**Assignment**
Shown below is a listing with pictures; reproduce exactly, and only, the lines between the ones containing "FIGURE 11. Existing" and "and install crosswalk.", inclusive, leaving the pictures out.

**Dataset entries**
───
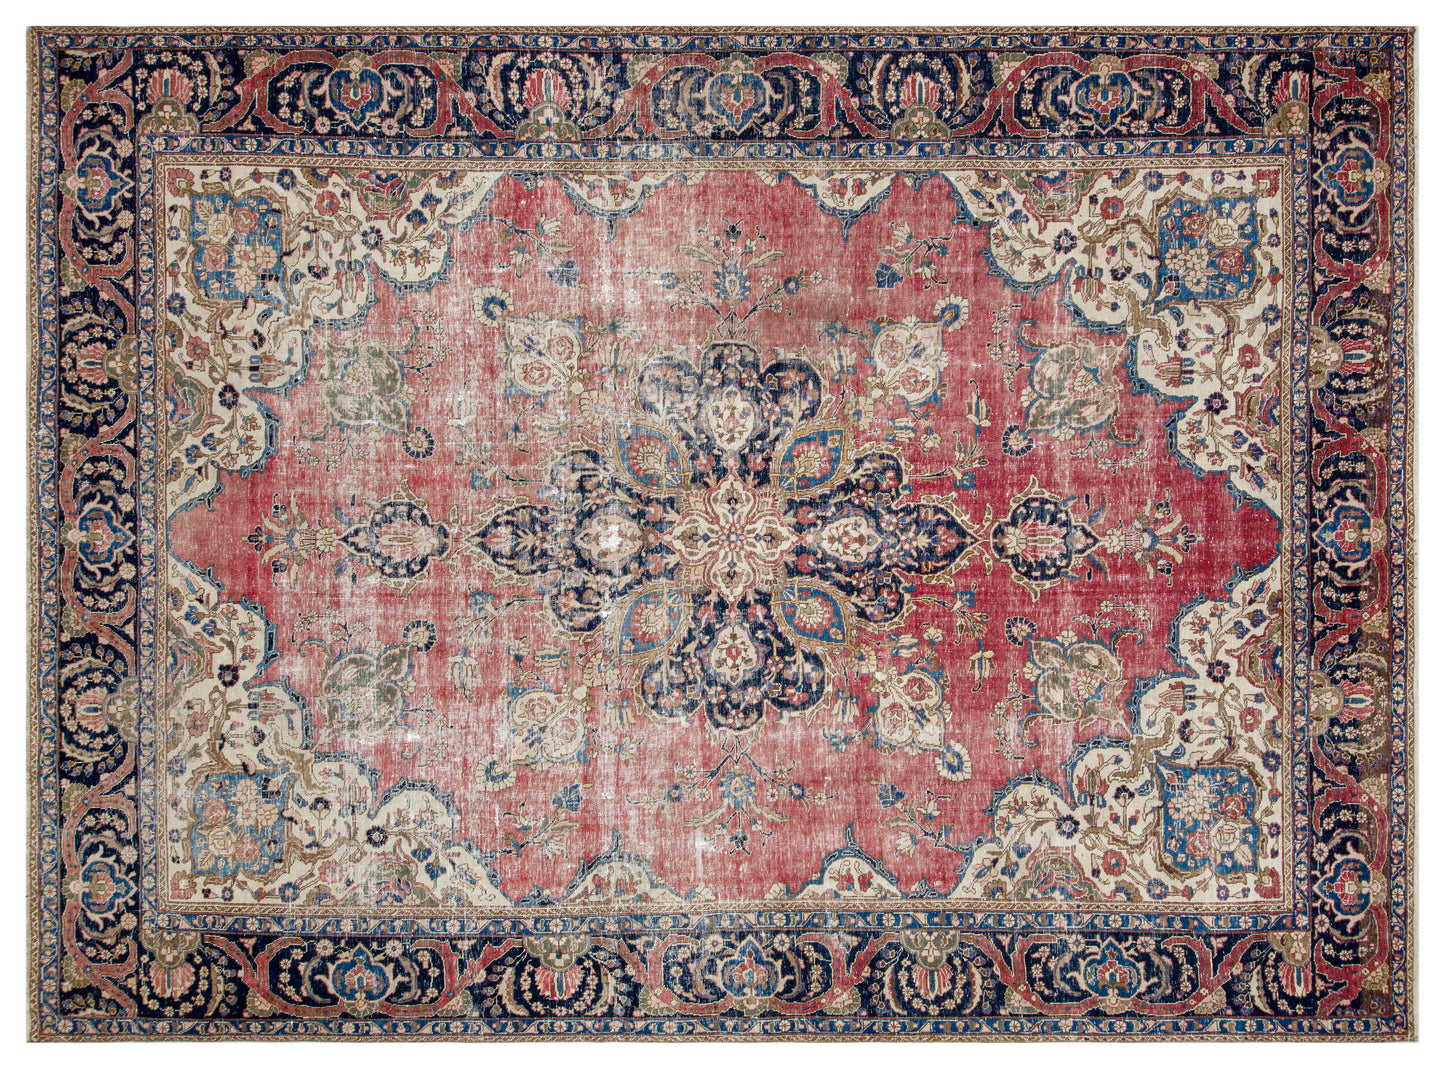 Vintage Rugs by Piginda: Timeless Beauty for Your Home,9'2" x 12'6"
───
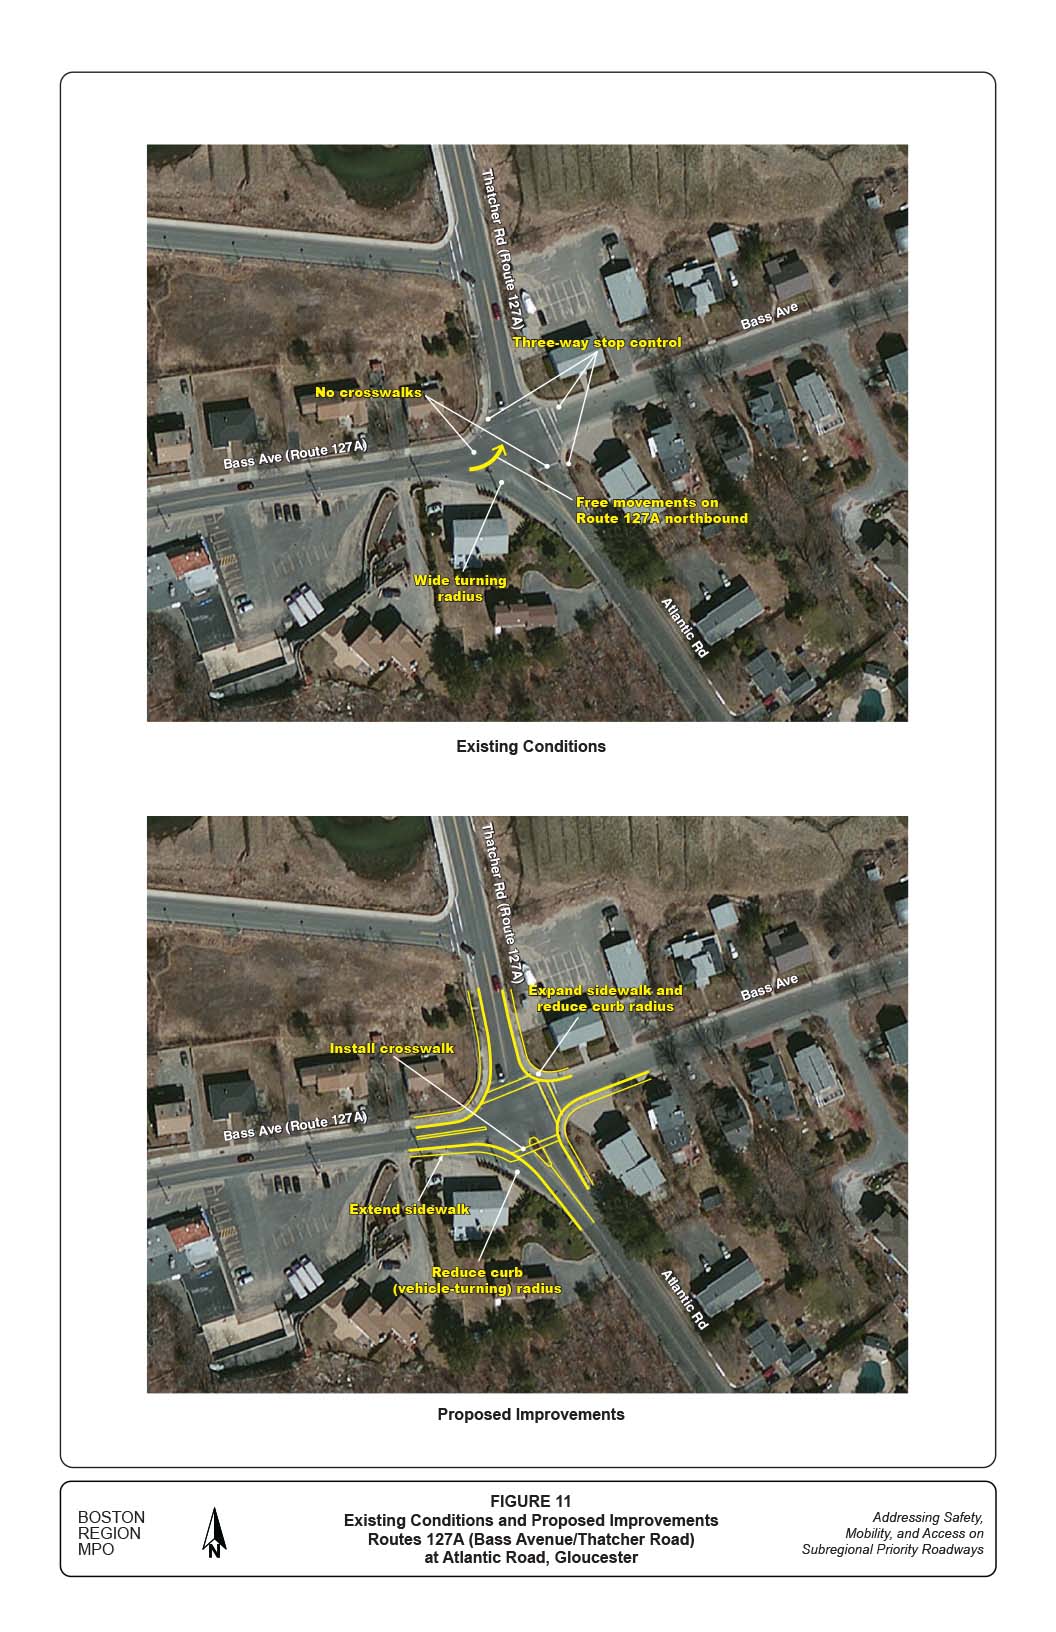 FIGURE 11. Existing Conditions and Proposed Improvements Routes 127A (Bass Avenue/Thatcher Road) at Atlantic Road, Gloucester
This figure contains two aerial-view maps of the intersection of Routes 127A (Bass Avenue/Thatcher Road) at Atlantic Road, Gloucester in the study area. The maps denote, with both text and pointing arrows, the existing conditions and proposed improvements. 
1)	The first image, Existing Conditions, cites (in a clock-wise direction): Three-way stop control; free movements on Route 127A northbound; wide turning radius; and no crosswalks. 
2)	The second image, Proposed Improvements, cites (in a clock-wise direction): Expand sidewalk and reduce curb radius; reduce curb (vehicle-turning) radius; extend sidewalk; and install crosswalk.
───
**Answer**
 FIGURE 11. Existing Conditions and Proposed Improvements Routes 127A (Bass Avenue/Thatcher Road) at Atlantic Road, Gloucester
This figure contains two aerial-view maps of the intersection of Routes 127A (Bass Avenue/Thatcher Road) at Atlantic Road, Gloucester in the study area. The maps denote, with both text and pointing arrows, the existing conditions and proposed improvements. 
1)	The first image, Existing Conditions, cites (in a clock-wise direction): Three-way stop control; free movements on Route 127A northbound; wide turning radius; and no crosswalks. 
2)	The second image, Proposed Improvements, cites (in a clock-wise direction): Expand sidewalk and reduce curb radius; reduce curb (vehicle-turning) radius; extend sidewalk; and install crosswalk.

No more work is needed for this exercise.